Verified Job On Employer Career Site
Job Summary:
Grafana Labs is a remote-first, open-source powerhouse known for its visualization tool used by millions globally. They are seeking a Senior Engineer to design and implement evaluation frameworks for Generative AI and Large Language Models, focusing on automated evaluation processes and metrics development.
Responsibilities:
• Design and implement robust evaluation frameworks for GenAI and LLM-based systems, including golden test sets, regression tracking, LLM-as-judge methods, and structured output verification.
• Develop tooling to enable automated, low-friction evaluation of model outputs, prompts, and agent behaviors.

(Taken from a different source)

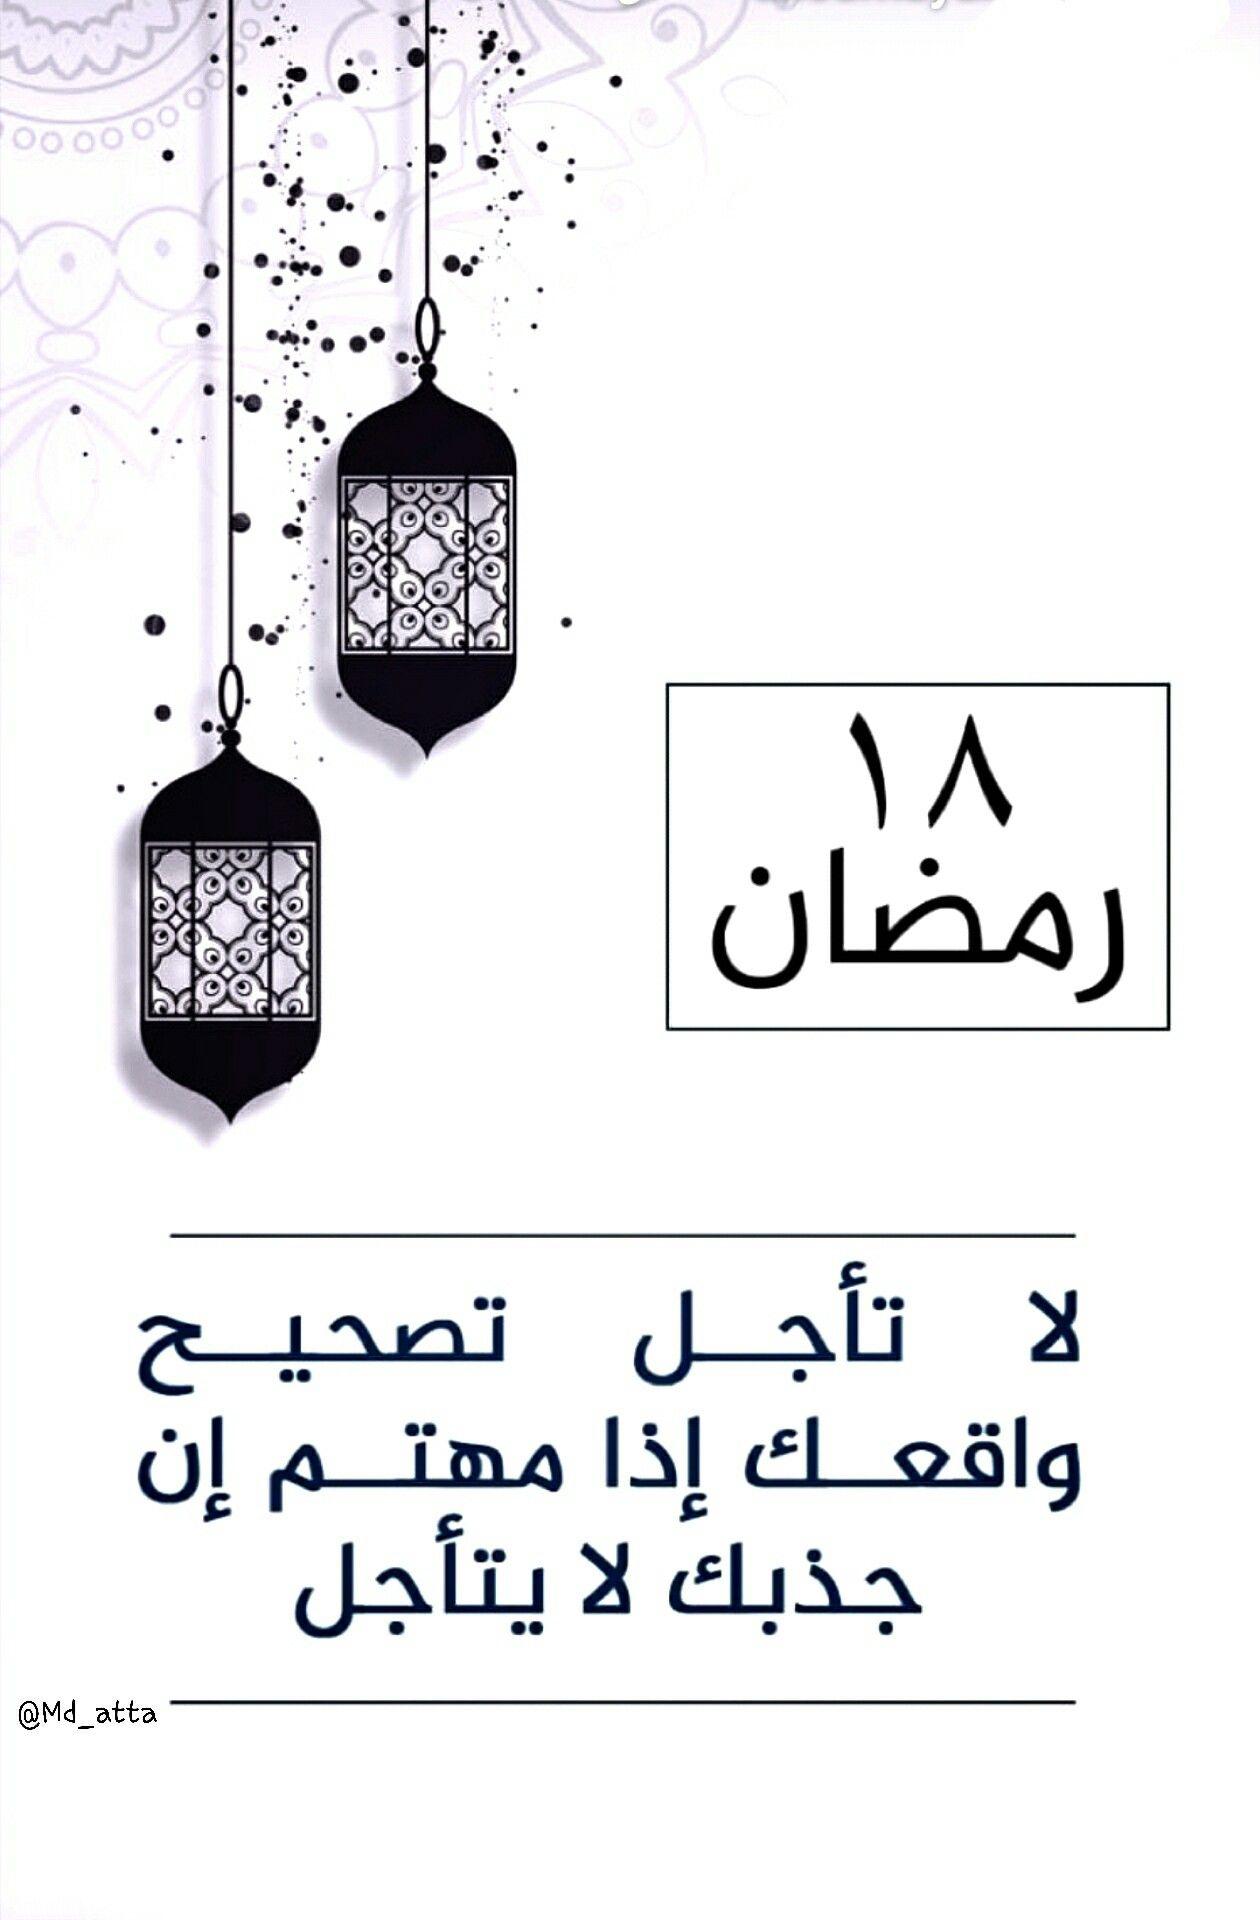 ١٨رمضان رمضان كريم Ramadan Prayer Ramadan Islamic Images

• Define and refine metrics for both structure and semantics, ensuring alignment with realistic use cases and operational constraints.
• Lead the development of dataset management processes and guide teams across Grafana in best practices for GenAI evaluation.
Qualifications:
Required:
• Experience designing and implementing evaluation frameworks for AI/ML systems.
• Familiarity with prompt engineering, structured output evaluation, and context-window management in LLM systems.
• High autonomy to collaborate and translate team goals into clear, testable criteria supported by effective tooling.
Preferred:
• Experience working in environments with rapid iteration and experimental development.
• A pragmatic mindset that values reproducibility, developer experience, and thoughtful trade-offs when scaling GenAI systems.
• A passion for minimizing human toil and building AI systems that actively support engineers.
Company:
Grafana Labs is an open-source software platform built to support monitoring, visualization, and metric analytics. Founded in 2014, the company is headquartered in New York, New York, USA, with a team of 1001-5000 employees. The company is currently Late Stage. Grafana Labs has a track record of offering H1B sponsorships.